Cari dengede yeni bulgular

Taner BERKSOY
Taner BERKSOY EKONOMİ DÜNYASI tberksoy@pirireis.edu.tr

 

Önce bir hatırlatma yapayım. Geçen yazımda içinde bulunduğumuz zaman diliminde dünya ekonomisinin üç önemli sorunla uğraştığını yazdım. Sorunların en önemlisi (bana göre tabii) büyüyememe sorunudur. Bu konuda gelişmiş ülkeler başı çekiyor. Bunlar küresel krizi bir türlü aşamadılar. Son beş yıldır büyüme oranları yerlerde sürünüyor. Gelişmişlerin büyüme özürlüsü olmaları arkadan gelenleri de etkiliyor. Onlarda kriz çıkışında yaptıkları hamleyi sürdüremediler. Yavaşlamaya başladılar.
İkinci önemli sorun büyüyememe sendromunu aşmak için uygulanan politikalar aracılığı ile çıkıyor ortaya. Büyümenin desteklenmesi ve canlandırılması için genellikle para politikası kullanılıyor. Burada da gelişmişler önde. ABD, Japonya ve kısmen de AB kendi ekonomilerini hareket ettirmek için  parasal genişleme sınırını zorluyorlar. Haliyle faizler de yere çakılmış durumda. Bol para-düşük faize rağmen ekonomileri büyümüyor.  Ama ortalıkta sel gibi para var.
Üçüncü sorunun kaynağı da burada. Ortalığa saçılan para kendi ekonomilerinde bunun tamamını kazançlı olarak mas edecek imkanlar  bulamıyor.  Para kendisini dışarı atıyor. Görece daha yüksek kazanç vaat eden pazarlara gidiyor. Böylece fazla para küreselleşmiş oluyor. Daha önceki tecrübeler bu tür para hareketinin gittiği yere pek fazla mutluluk getirmediğini gösteriyor. Aslında bu nitelikte  para hareketinin  genellikle karakolda bittiğini, krizle sonlandığını gösteren çok sayıda örnek var.  Şimdilerde bu tür bir döngünün bir kez daha devreye girmek üzere olduğunu gösteren işaretler çıkmaya başladı.
Şu sıralarda dünyanın ahvali böyle.
                                             *                    *                     *
Biz de dünyanın ahvaline ayak uydurmuş durumdayız. Gelişmişlerin basıp, dünyaya saçtığı  para oldum olası bizi sever. Sıcak paranın en sevgili yol arkadaşlarından birisiyiz.
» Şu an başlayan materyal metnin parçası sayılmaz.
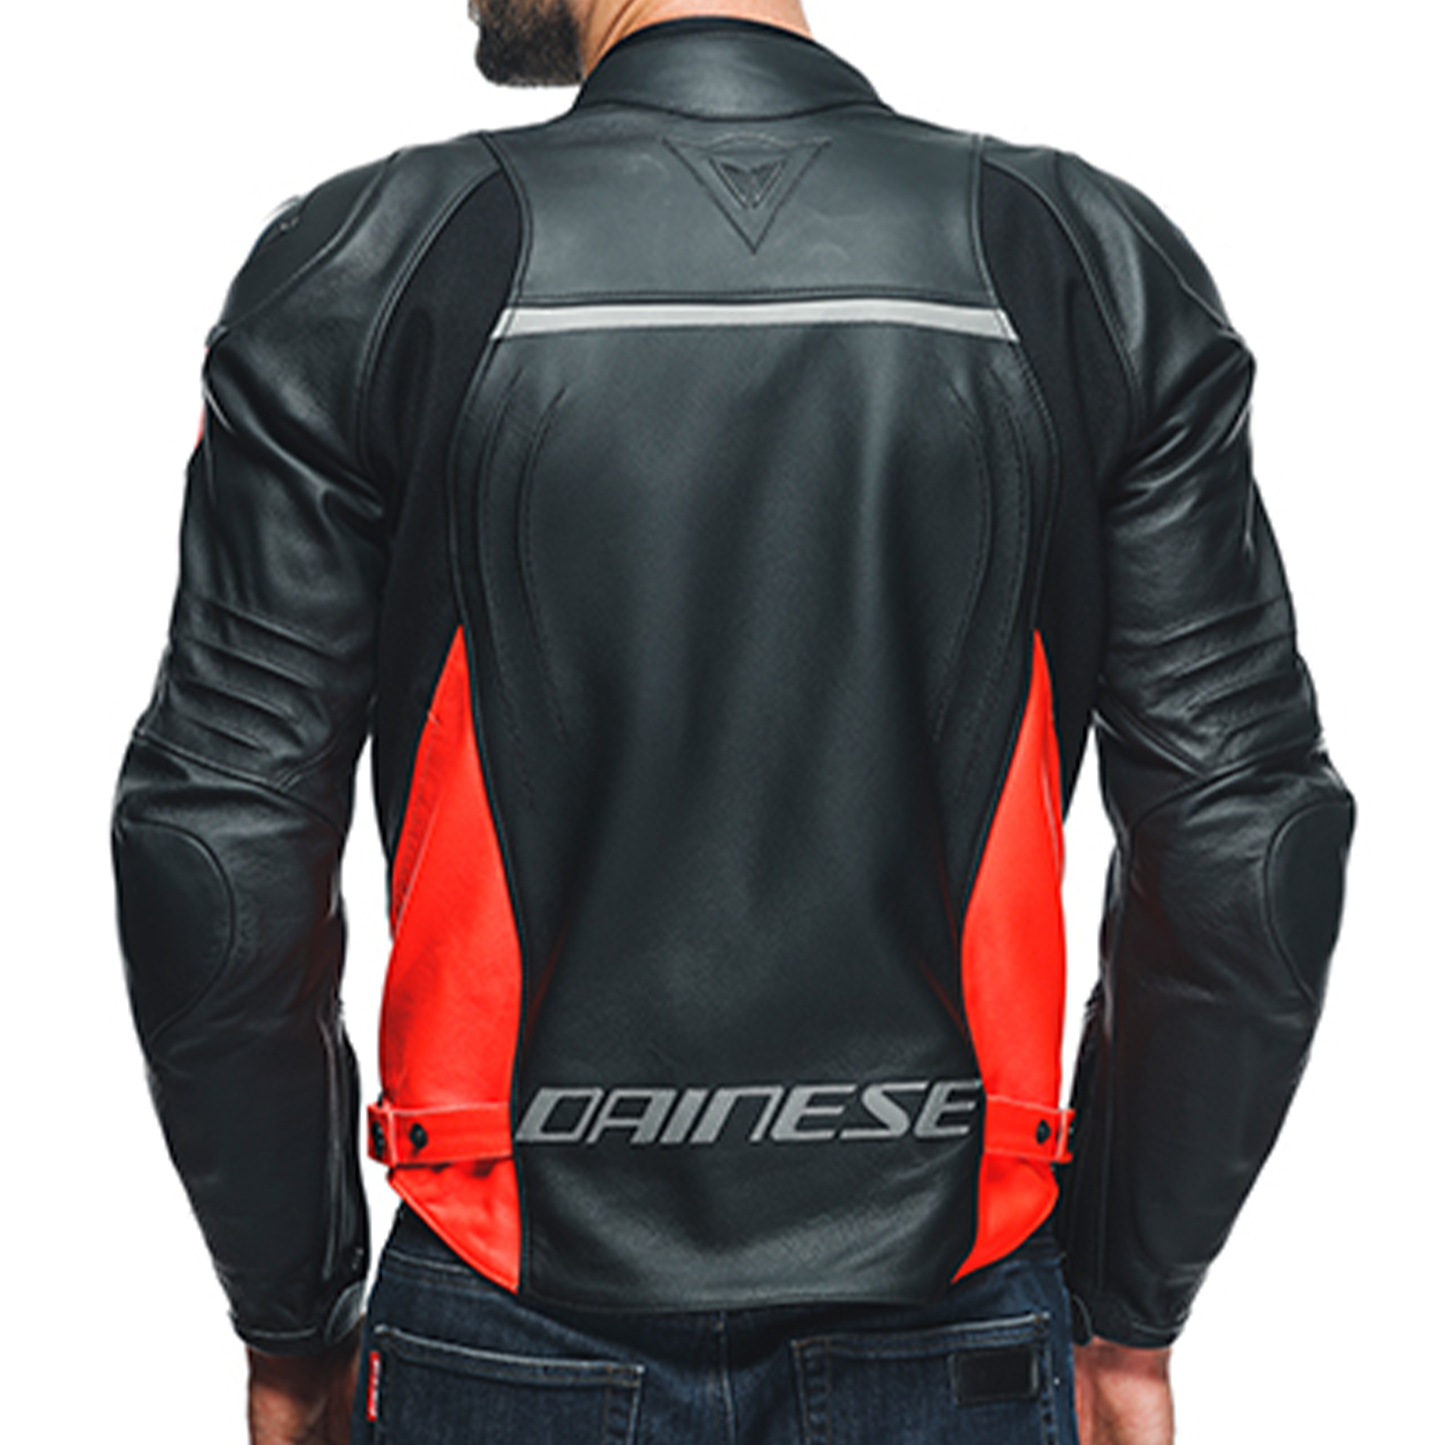 Dainese Racing 4 Leather Jacket - Black/Red Flo

Yılın başından bu yana bu arkadaşlığın yine ısınmaya başladığını gösteren gelişmeler var.
Hafta başında açıklanan yeni cari denge verileri  bunu kanıtlıyor.  Biz dış ödeme verilerinin ticaret ve cari dengesizlik gösteren bulgularına takılmış vaziyetteyiz. Çoğu kez sadece cari açık rakamlarına bakıyor, bunları yorumluyoruz.  Bu doğal. Zira fiili sorunu genellikle bu noktada yaşıyoruz.
Ama, cari açık boyutlarının ötesinde ekonomiye giren sermaye verileri de ilginç şeyler söylüyor. Örneğin, son açıklanan 2013 Mart ayı rakamları  küresel para bolluğunun sürüklediği para dolaşımından epeyce nasiplendiğimizi gösteriyor. Meseleyi sayılara boğmak istemiyorum ama birkaç veri vermek iyi olur diye düşünüyorum. 
2012 yılının Ocak-Mart döneminde (birinci çeyrek) 16.3 milyar dolar olan cari açığımız bu yılın ilk çeyreğinde 15.9 milyar dolar olarak gerçekleşmiş. Fazla bir fark yok. Bir anlamda cari açık durağanlaşmış gibi görünüyor. Buna karşılık finans hesabından giren para geçen yılın ilk çeyreğinde 11.8 milyar dolar iken 2013 yılının aynı döneminde 27.0 milyar dolara sıçramış. Ekonomiye sermaye girişinde ciddi bir hızlanma var anlayacağınız.
 Portföy yatırımları 2012'nin ilk üç ayında 4.4 milyar dolar iken bu senenin aynı döneminde 7.2 milyar dolara çıkmış. Esas artış borçlanma büyüklüklerinde olmuş. Dışarıda neredeyse bedava olan para içeridekilere cazip gelmiş.  Kamu dışında herkes (başta bankalar)  dışarıdan borçlanmaya gaz vermiş. Geçen yılın ilk çeyreğinde 5.3 milyar dolar  olan borçlanma büyüklüğü bu yılın aynı döneminde yaklaşık üç misli artarak 15.4 milyar dolara çıkmış. Bütün bu sayılar alarm zillerinin çalmaya başladığını düşündürüyor. 
Biz de büyüyememe sorununa takılmak üzereyiz. Bu yılın ilk üç ayında geçen yılın düşük temposunu tekrarlıyormuşuz gibi bir tablo var. Biz de parayı gevşetip, faizi düşürmeye çalışıyoruz. Biz de ekonomiyi canlandırmak istiyoruz.  Ama, bizim faiz düşürme gayretimiz canlanmayı kışkırtmaktan çok hızlanan para girişini caydırma amacına dönük gibi görünüyor. Son veriler bu doğrultuda aldığımız mesafeyi gösteriyor.  Gayrete rağmen para girişinin hızlanmış olması ileride canımızın sıkılacağını gösteriyor.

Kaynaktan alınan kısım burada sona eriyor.